=== WHAT THE TASK ASKS ===
Copy out all of the data word for word. Omit every picture.
RAW DATA Start Marker
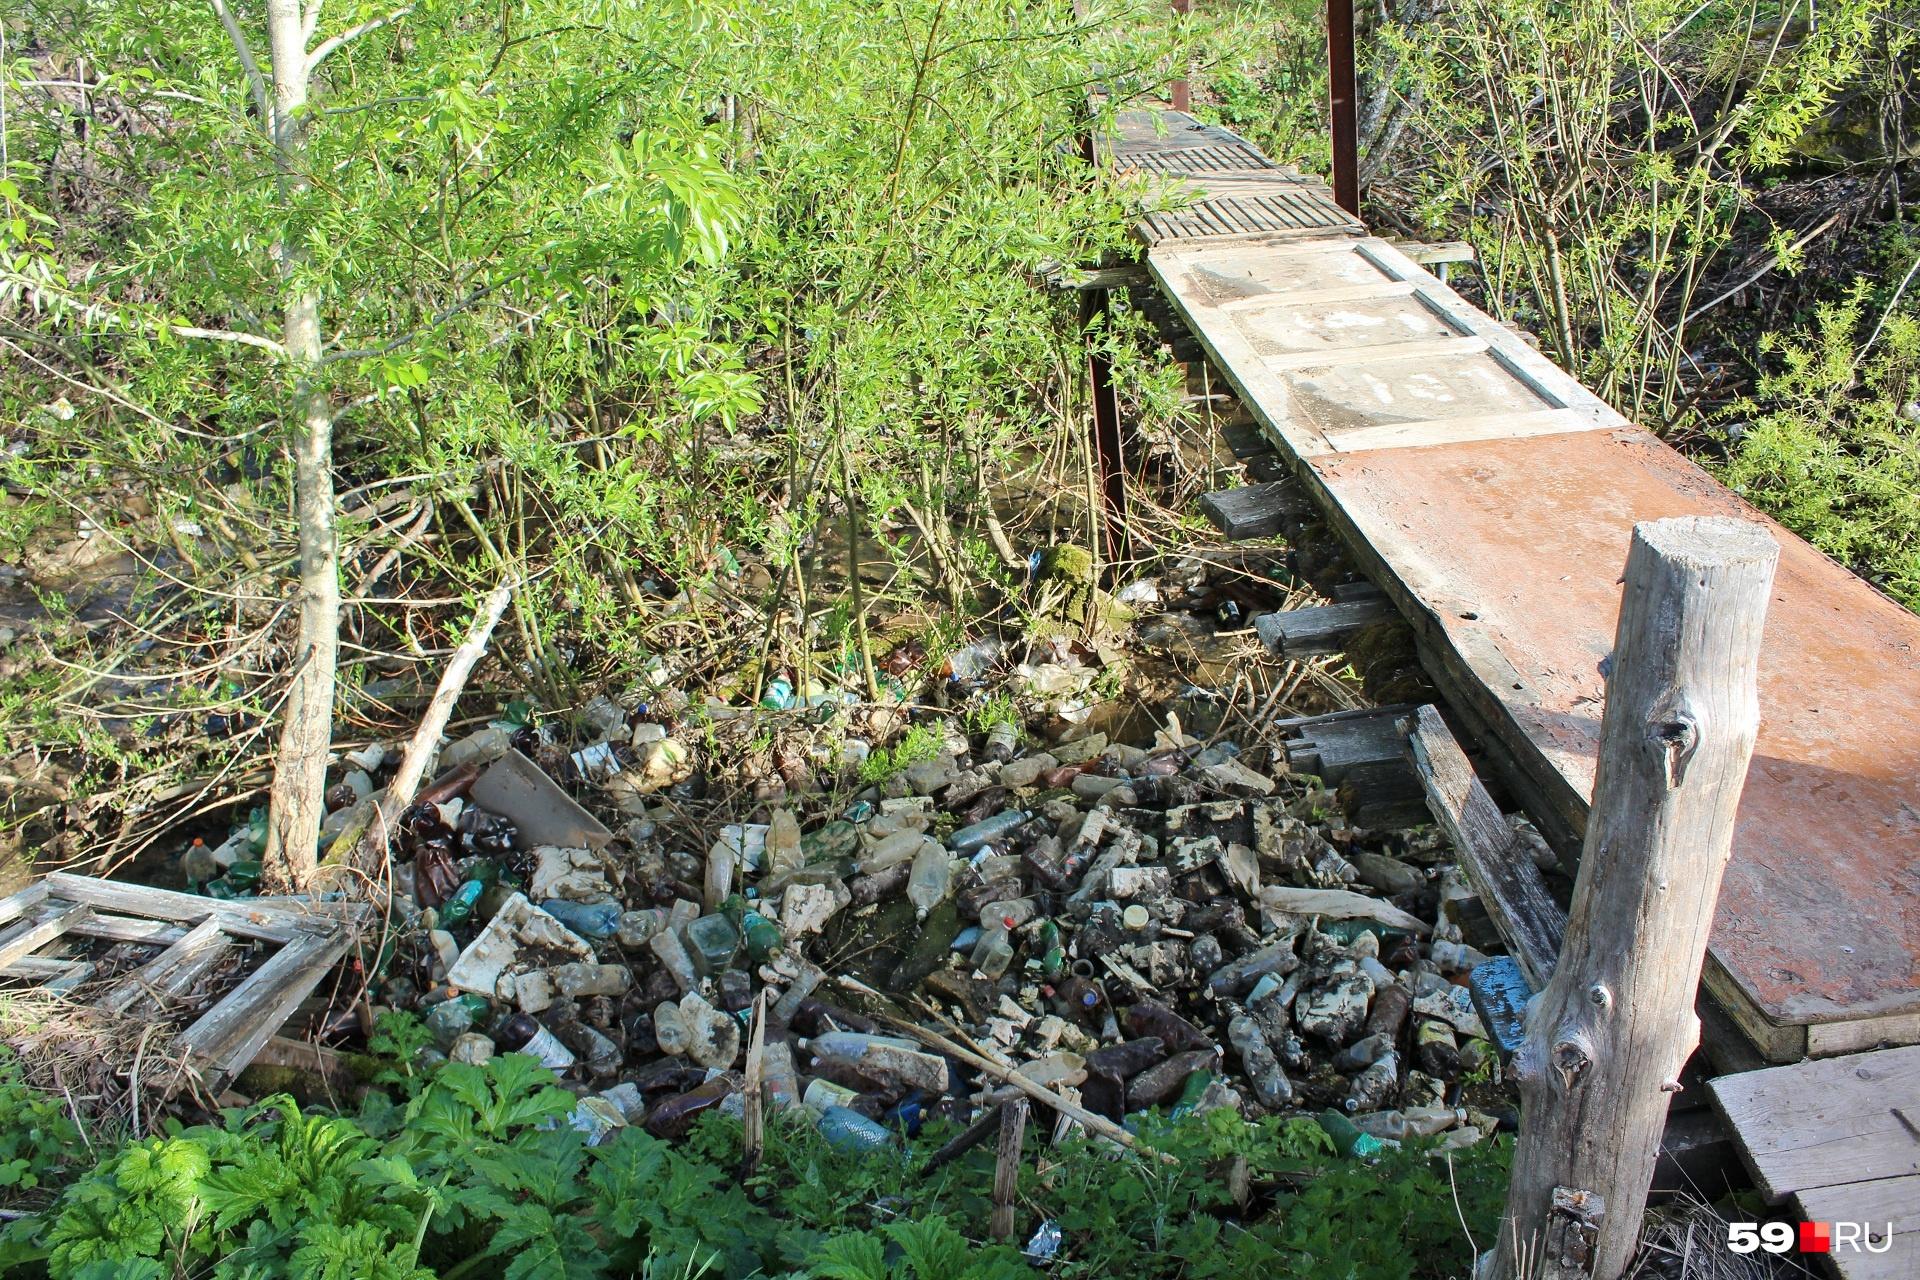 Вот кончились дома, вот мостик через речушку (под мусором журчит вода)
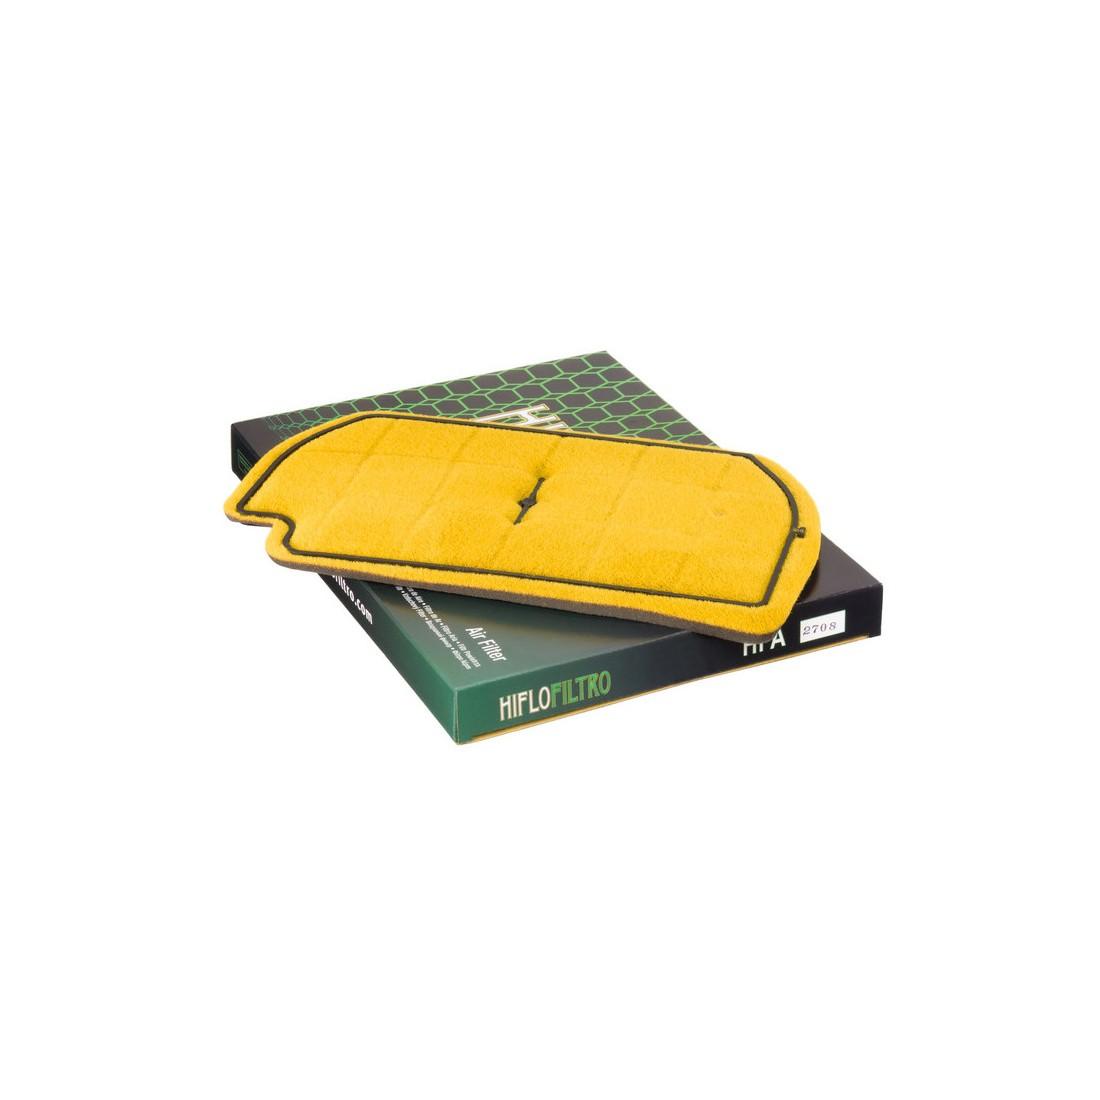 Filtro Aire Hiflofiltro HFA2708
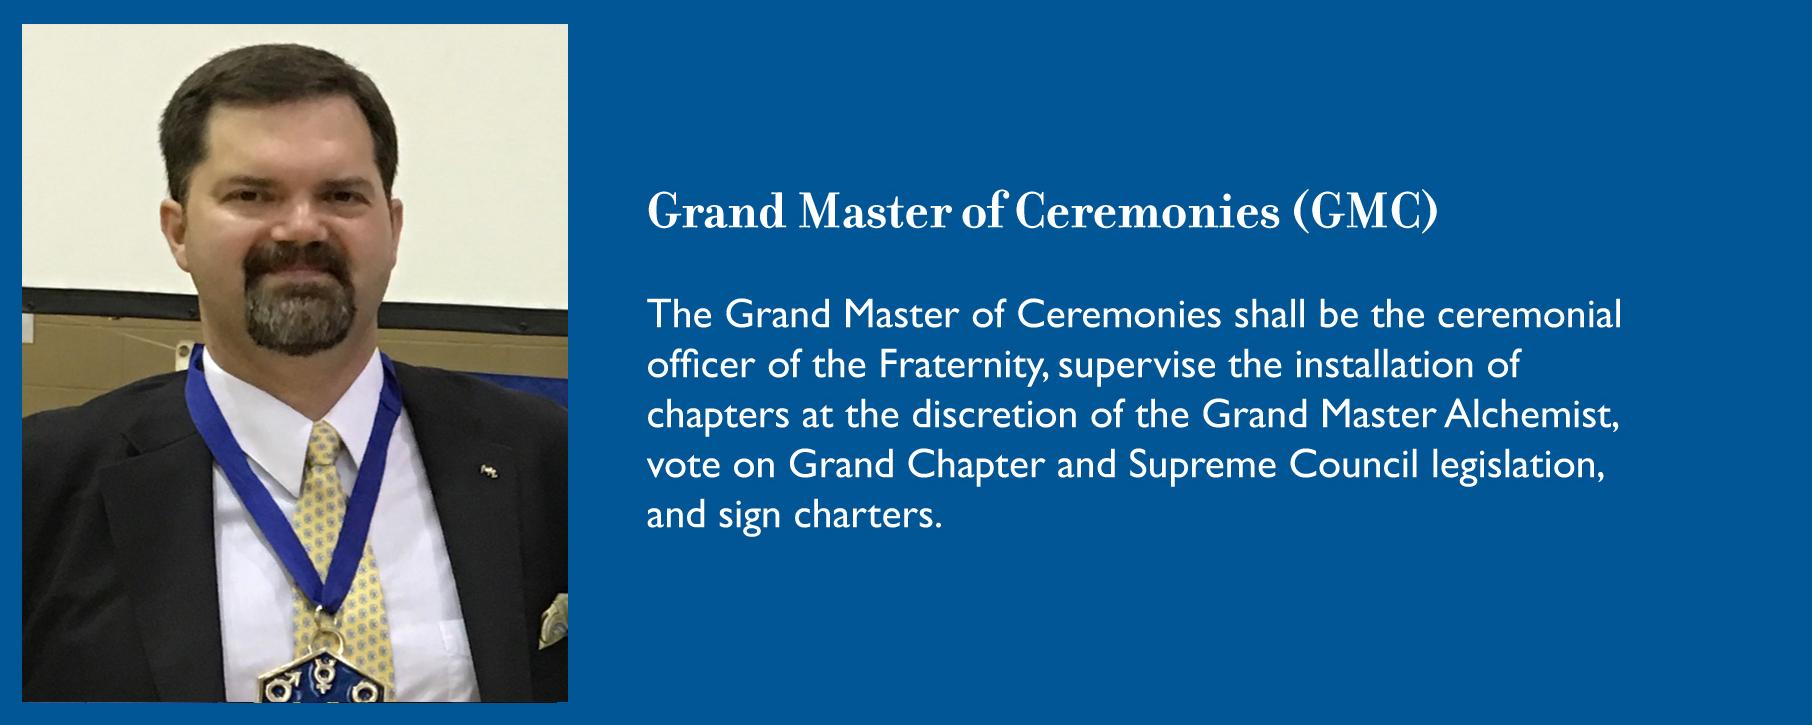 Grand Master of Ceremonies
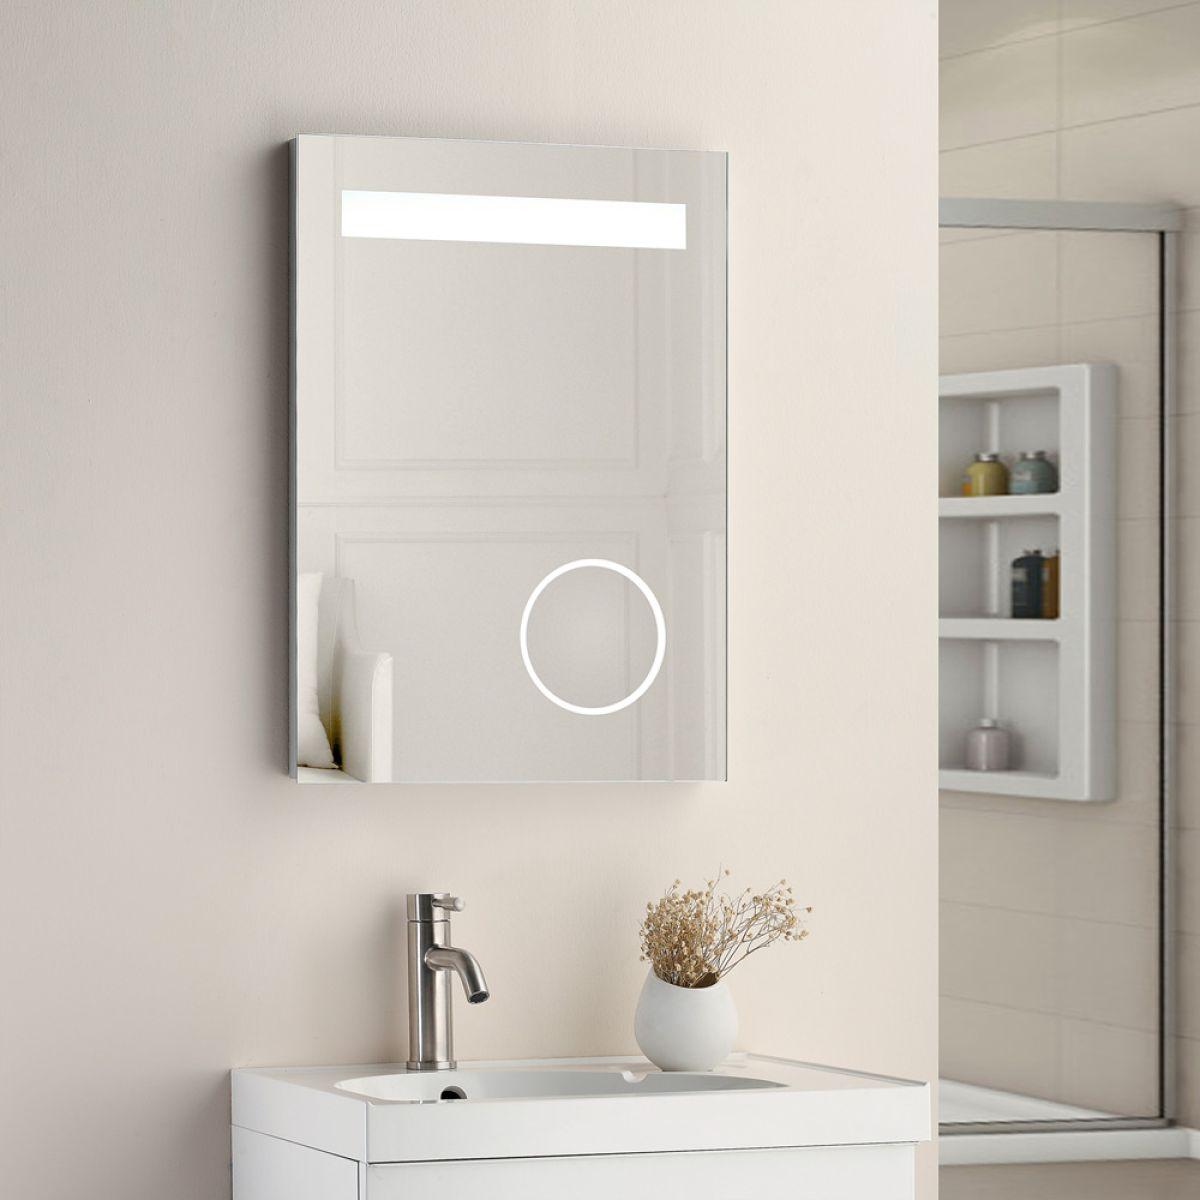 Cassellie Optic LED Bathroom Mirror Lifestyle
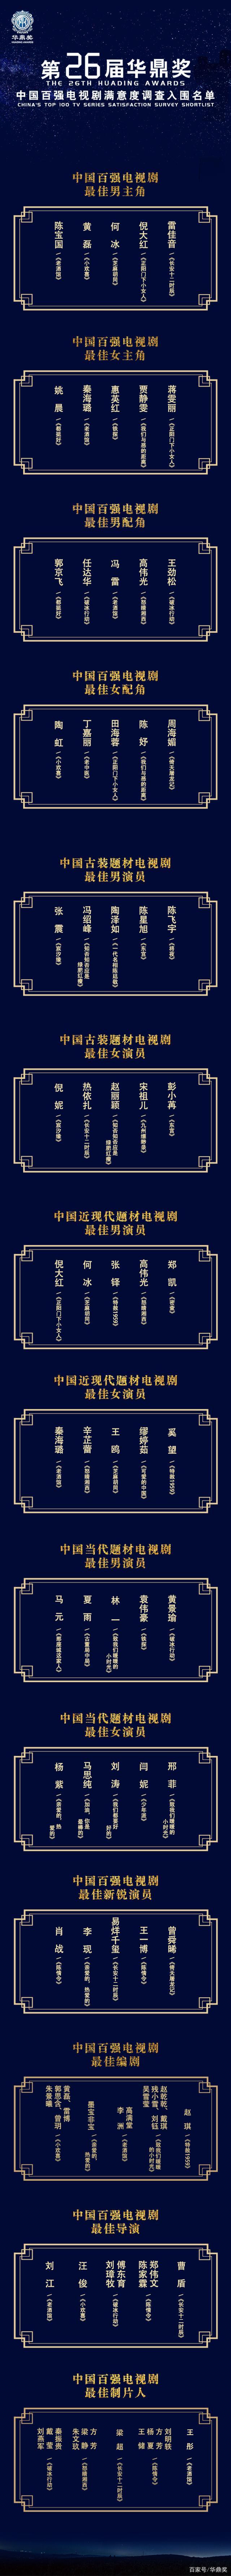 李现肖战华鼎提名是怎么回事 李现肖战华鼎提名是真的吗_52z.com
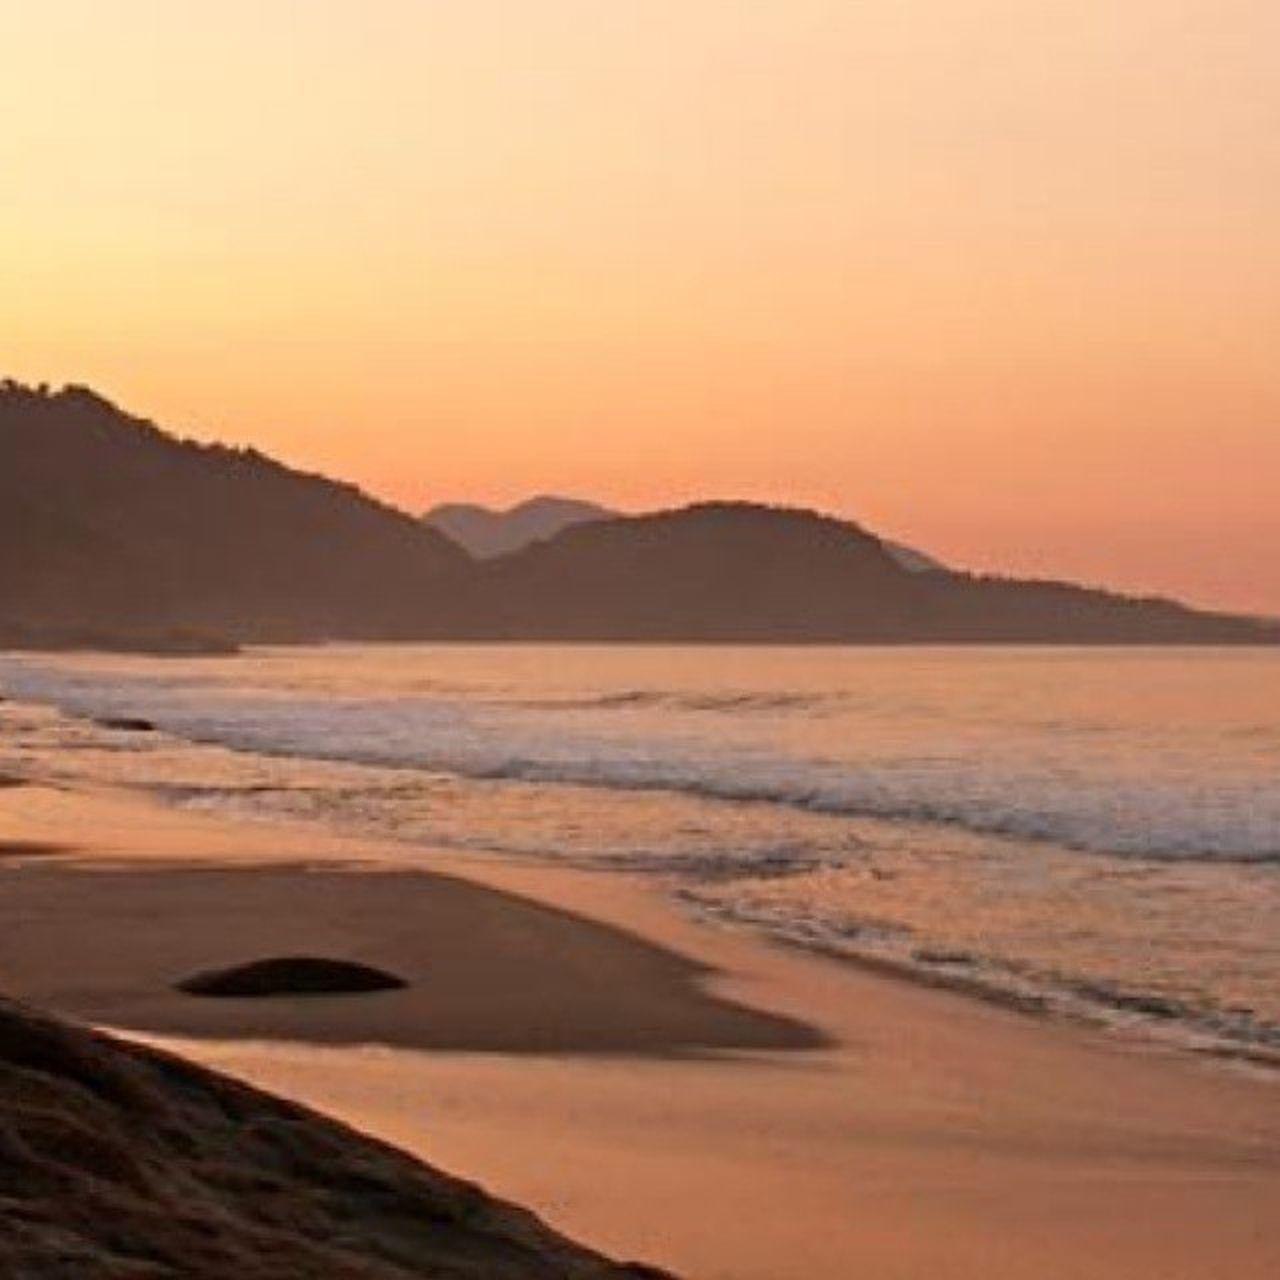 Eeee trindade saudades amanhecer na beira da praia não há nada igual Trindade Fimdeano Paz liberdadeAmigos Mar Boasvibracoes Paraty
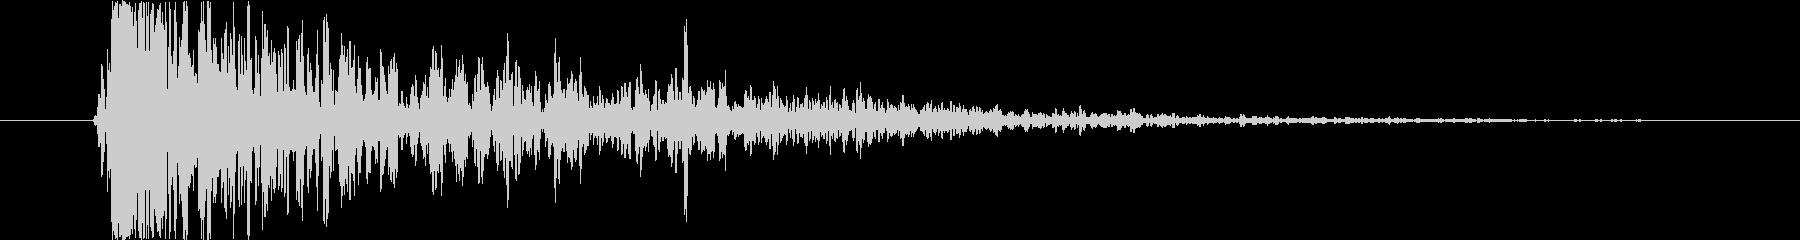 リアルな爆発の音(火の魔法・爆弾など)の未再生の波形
RAW DATA End Marker
=== WRITTEN REPLY ===
 Вот кончились дома, вот мостик через речушку (под мусором журчит вода)
 Filtro Aire Hiflofiltro HFA2708
 Grand Master of Ceremonies
 Cassellie Optic LED Bathroom Mirror Lifestyle
 李现肖战华鼎提名是怎么回事 李现肖战华鼎提名是真的吗_52z.com
 Eeee trindade saudades amanhecer na beira da praia não há nada igual Trindade Fimdeano Paz liberdadeAmigos Mar Boasvibracoes Paraty
 リアルな爆発の音(火の魔法・爆弾など)の未再生の波形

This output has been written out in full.